▶

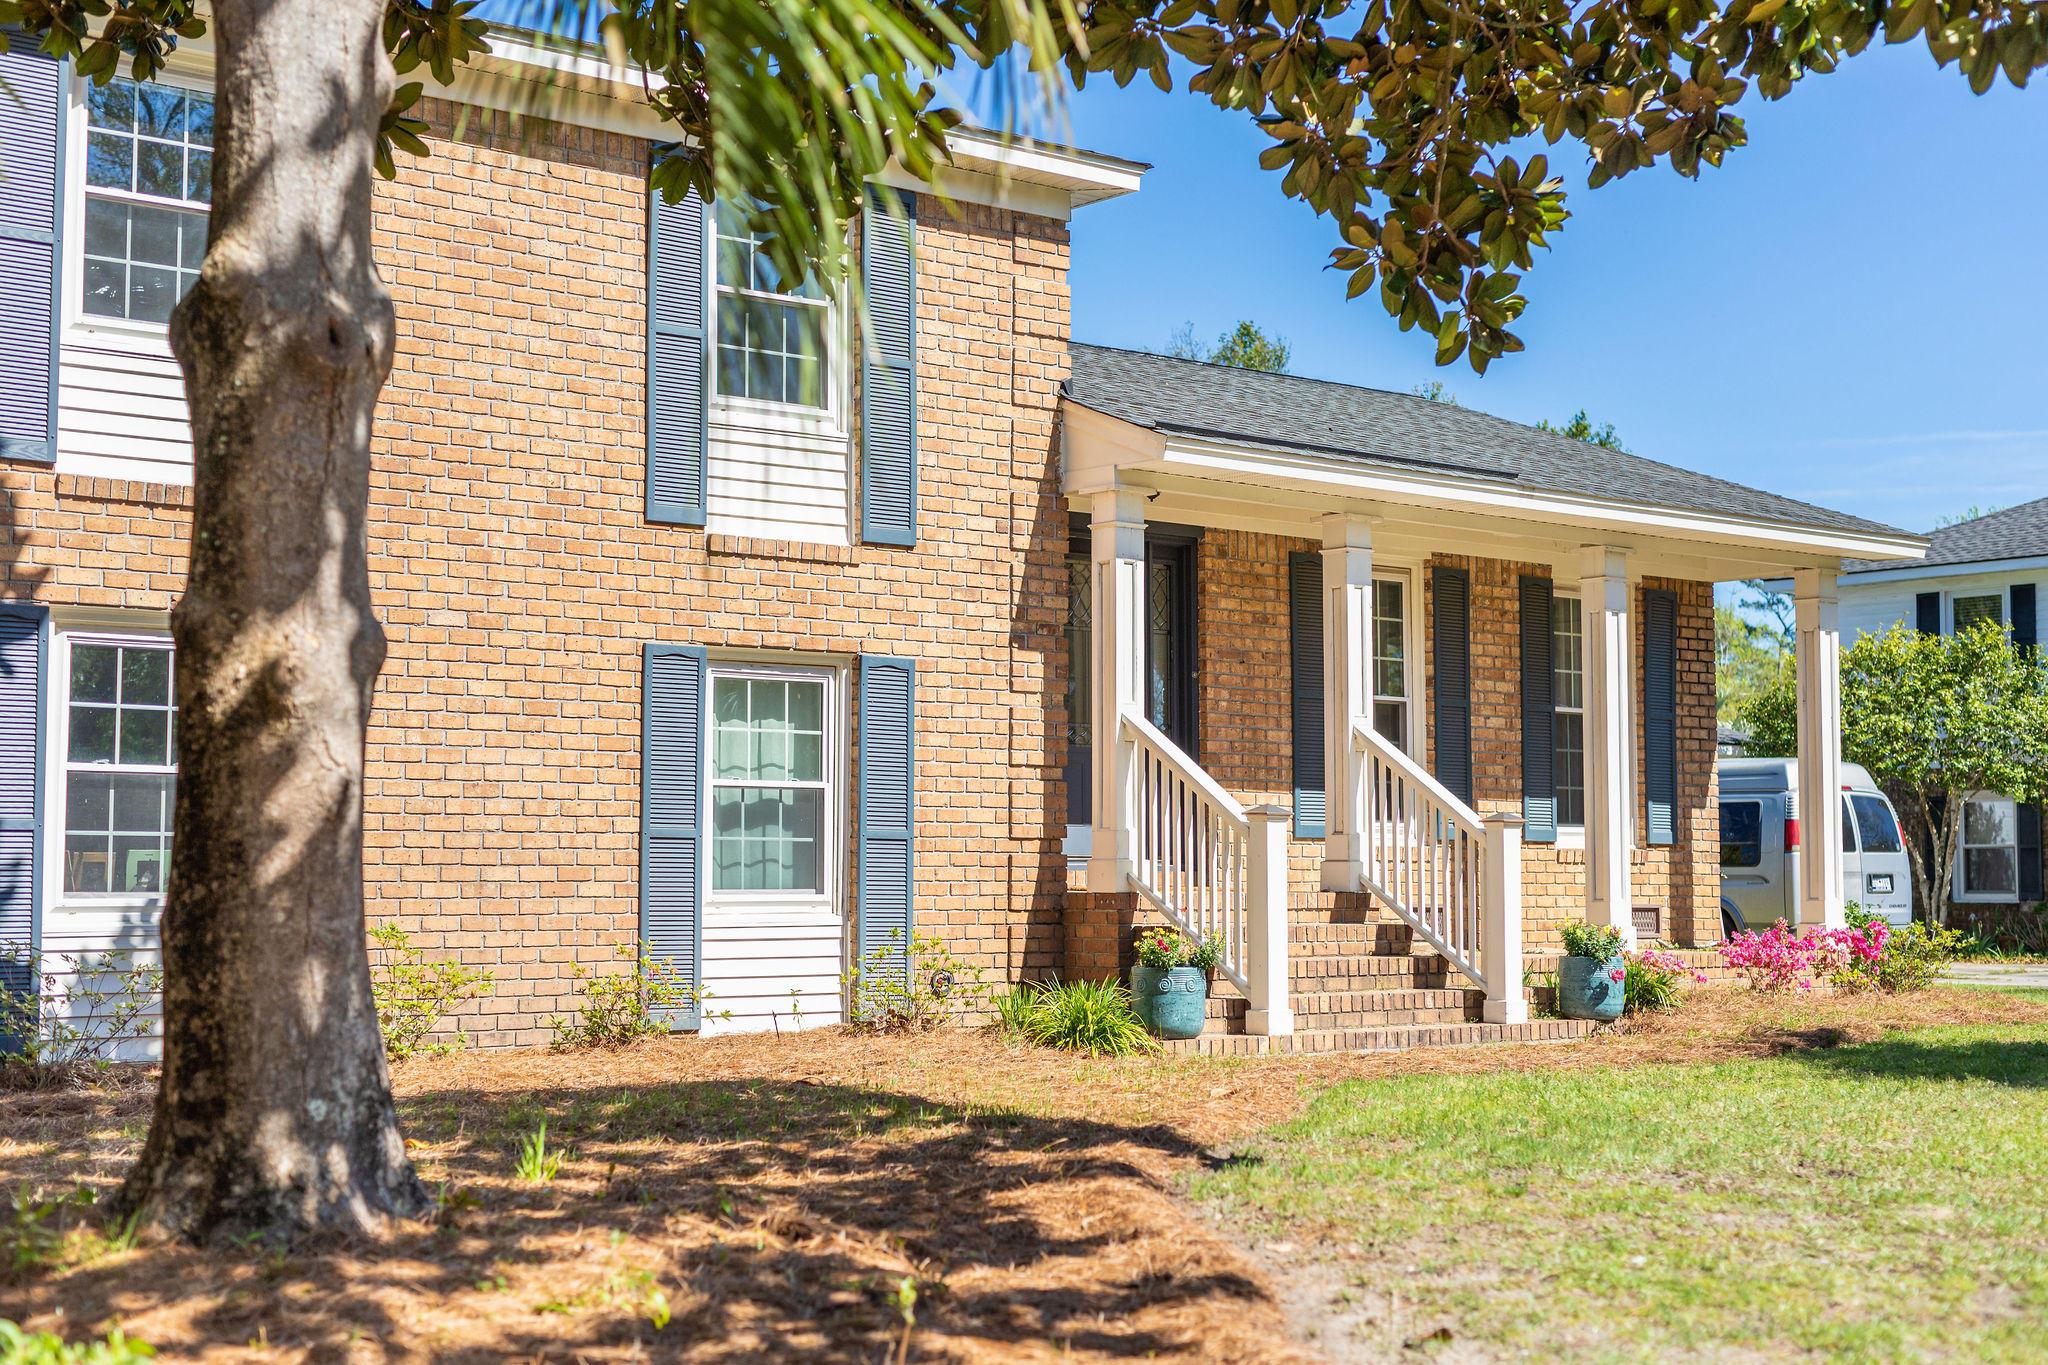 Cooper Estates Homes For Sale - 1058 Cottingham, Mount Pleasant, SC - 1
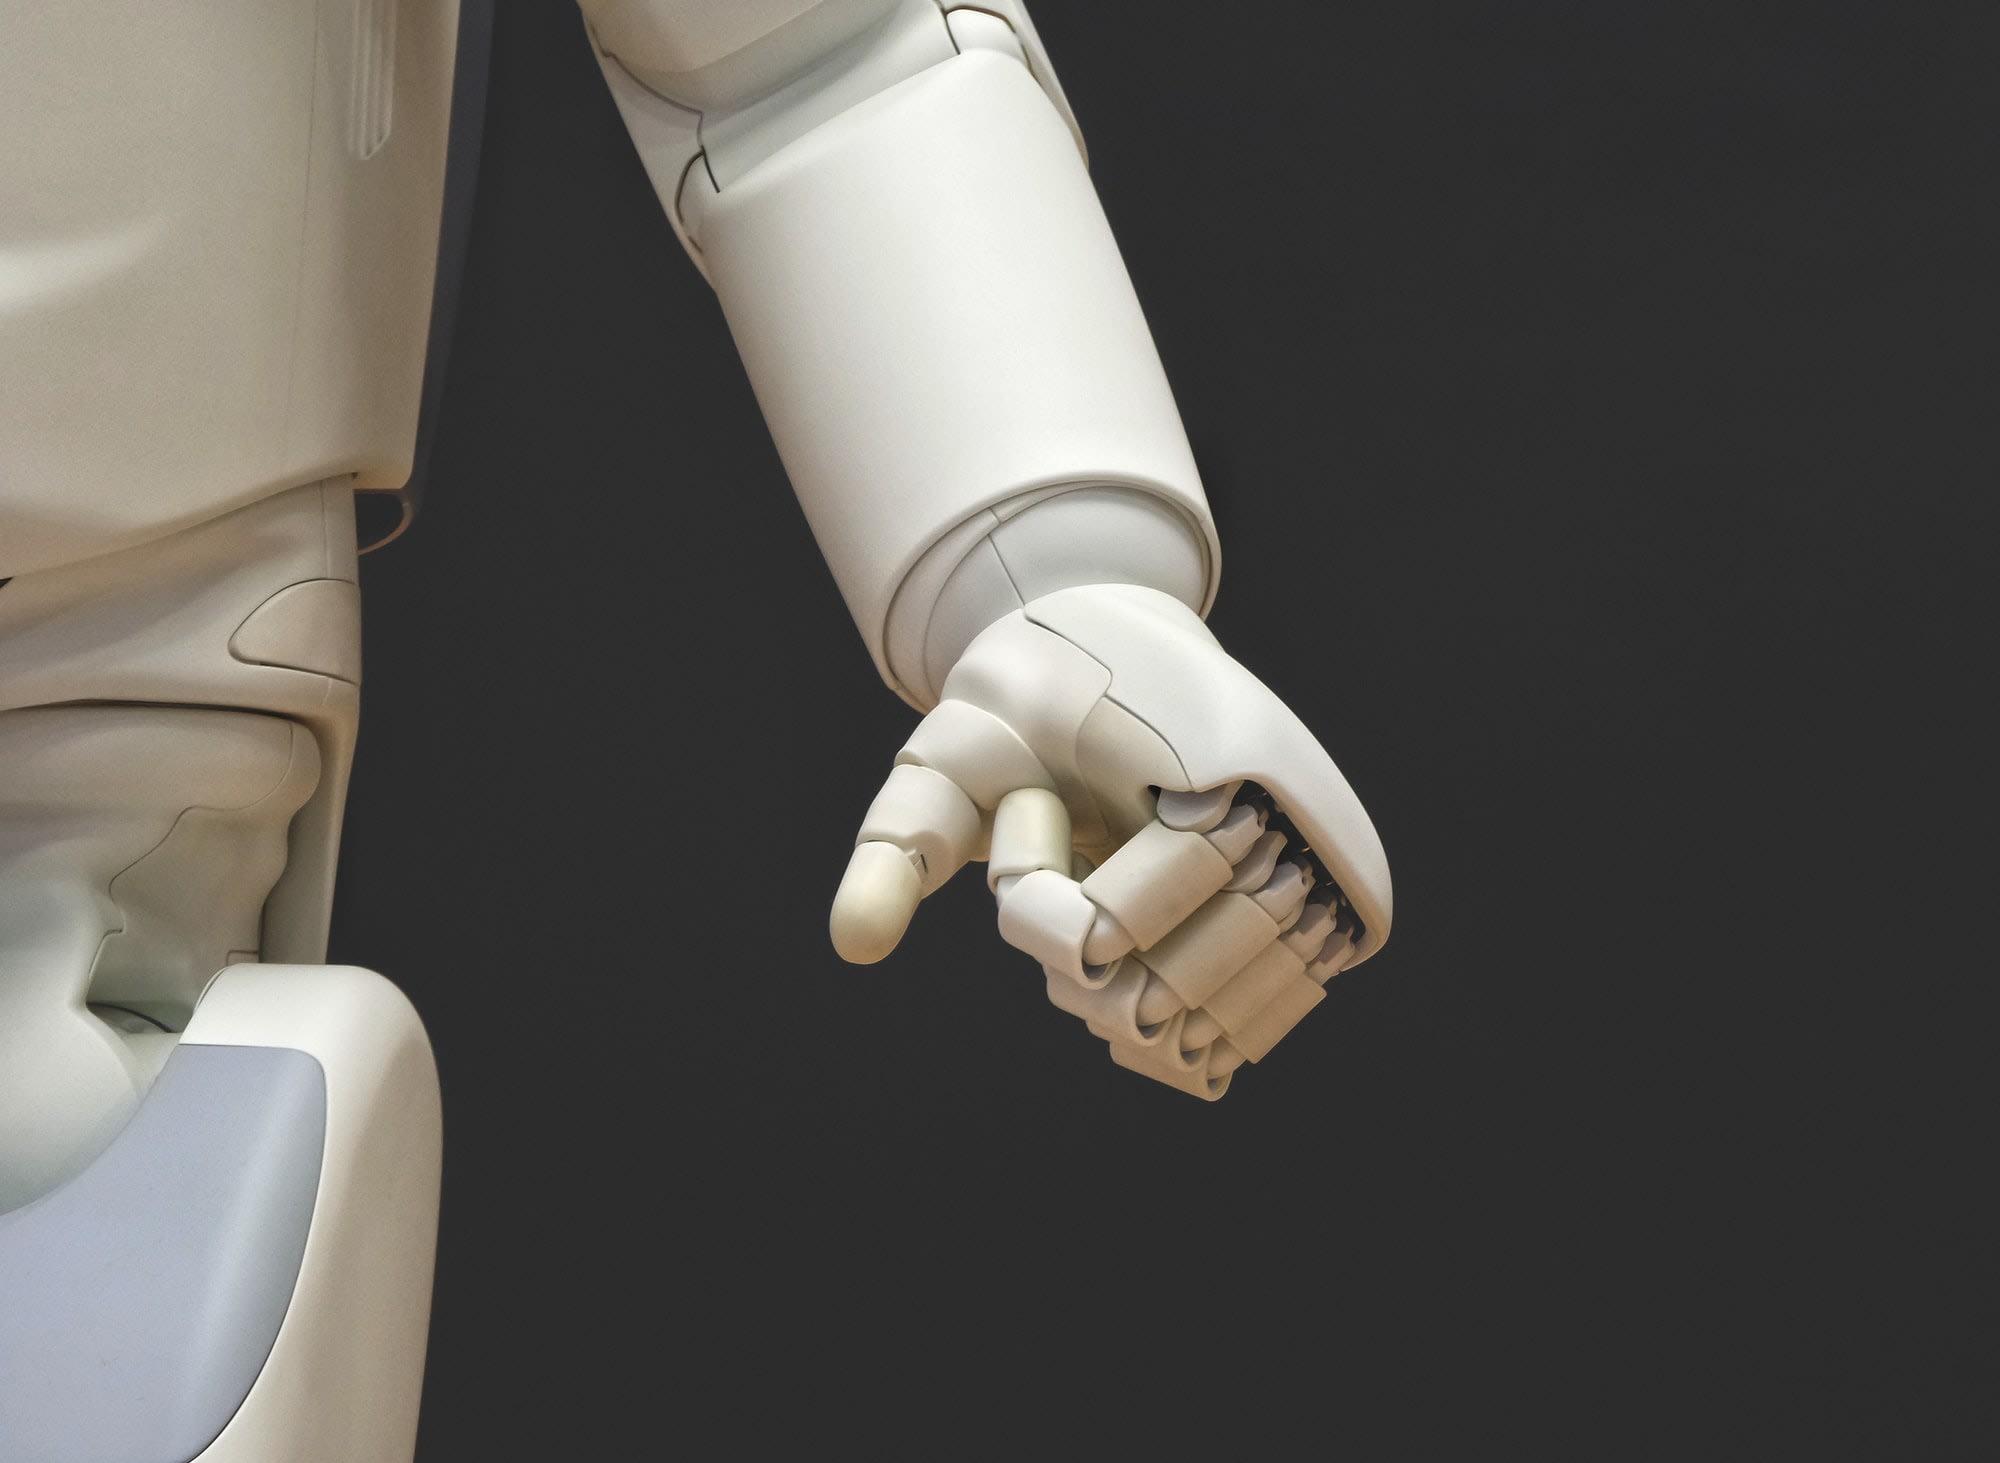 AI-900 - Journey to get the exam
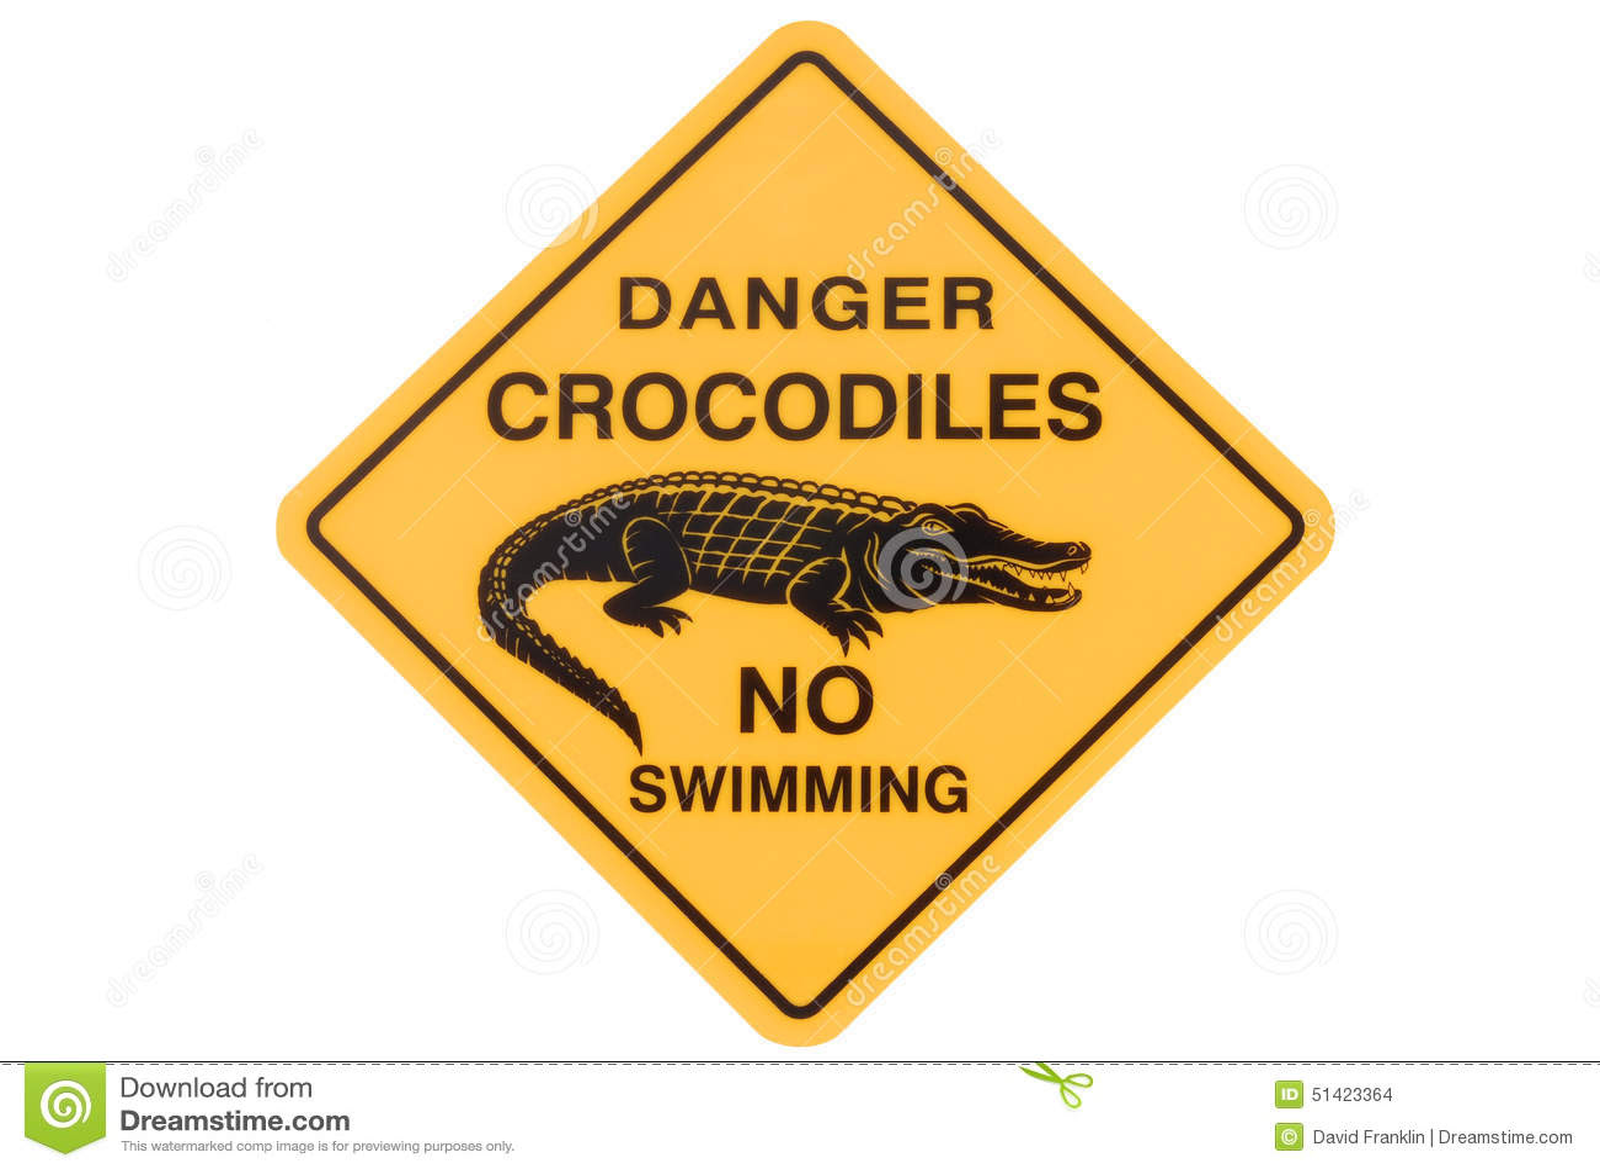 crocodile warning sign australian road no swimming isolated white background 51423364

◀

→ WHAT THE TASK ASKS: Could you copy each line above exactly as written, minus any pictures?

→ SOLUTION:
 Cooper Estates Homes For Sale - 1058 Cottingham, Mount Pleasant, SC - 1
 AI-900 - Journey to get the exam
 crocodile warning sign australian road no swimming isolated white background 51423364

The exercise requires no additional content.